Brian Blaney
- Born: Brian Blaney 26 February 1982 (age 44) Dublin
- Height: 6 ft 2 in (1.88 m)
- Weight: 105 kg (16 st 7 lb)
- School: Terenure College

Rugby union career
- Position: Hooker

Senior career
- Years: Team / Apps / (Points)
- Leinster U21 / 8
- 2003–09: Leinster / 71 / (25)
- 2010: London Irish

International career
- Years: Team / Apps / (Points)
- Ireland Schools / 1
- 2006: Ireland A / 5 / (0)

= Brian Blaney =

Irish rugby union player

Brian Blaney (born 26 February 1982 in Dublin) is a professional rugby union player who played at Hooker for Leinster and now plays for London Irish.

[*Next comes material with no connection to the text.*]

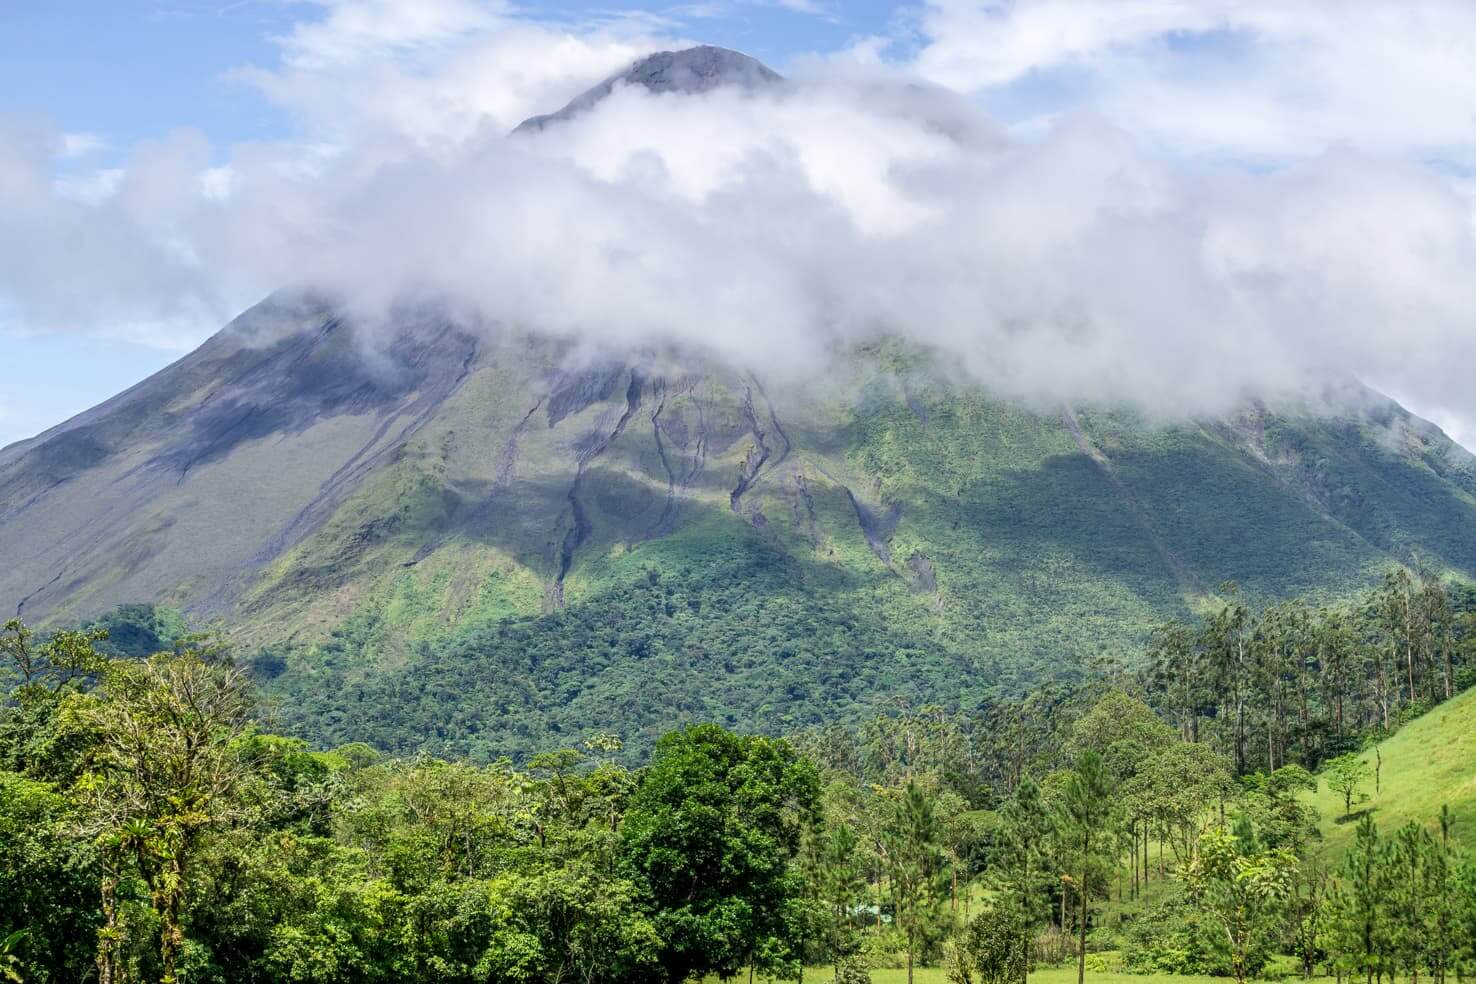 10 days in Costa Rica - Arenal Volcano National Park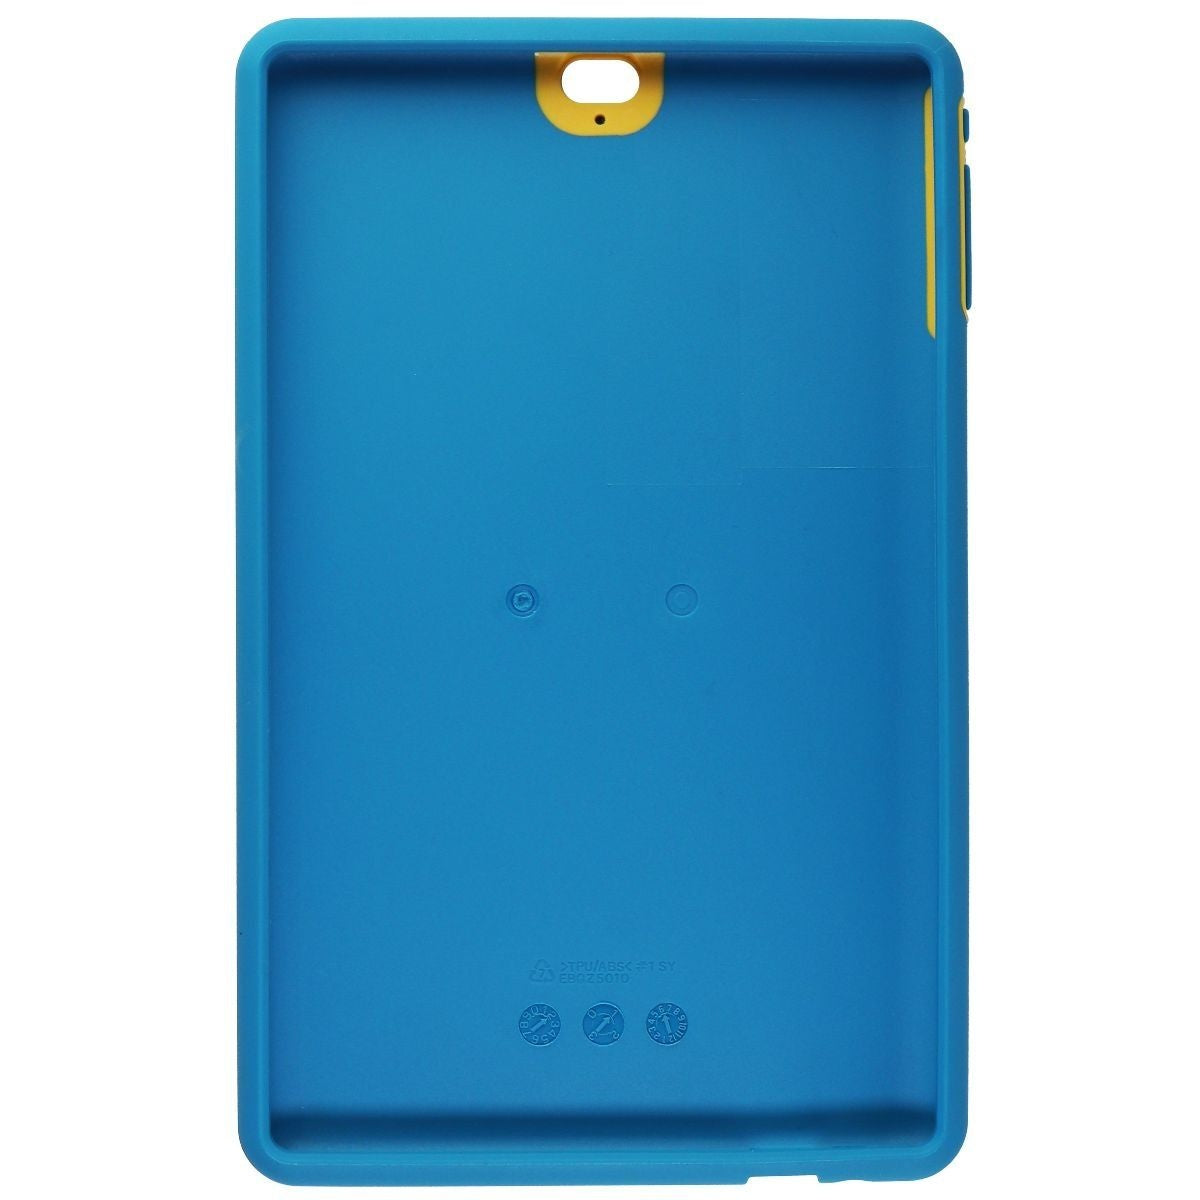 GizmoTab Protective OEM Gel Case for GizmoTab Kids Tablet - Blue/Light Orange iPad/Tablet Accessories - Cases, Covers, Keyboard Folios GizmoTab    - Simple Cell Bulk Wholesale Pricing - USA Seller

==Early life and education==
Blaney went to Terenure College in Dublin, which is one of the main rugby nurseries in Ireland. His brothers, David & James Blaney, are former Leinster rugby players. His cousin, Greg Blaney, won 2 All-Ireland Senior Football Championship medals with a famous exponent of Down in the 1991,'94.

==Playing career==
He joined London Irish at the start of 2010/11 season. During his time at Leinster, Blaney made 71 Appearances and scored 5 tries. He won a Magners League medal 2007/08 season and European Cup medal 2008/09

==Honours==
He won 5 caps playing for Ireland Wolfhounds (v France, USA, NZ Maori, England, Australia).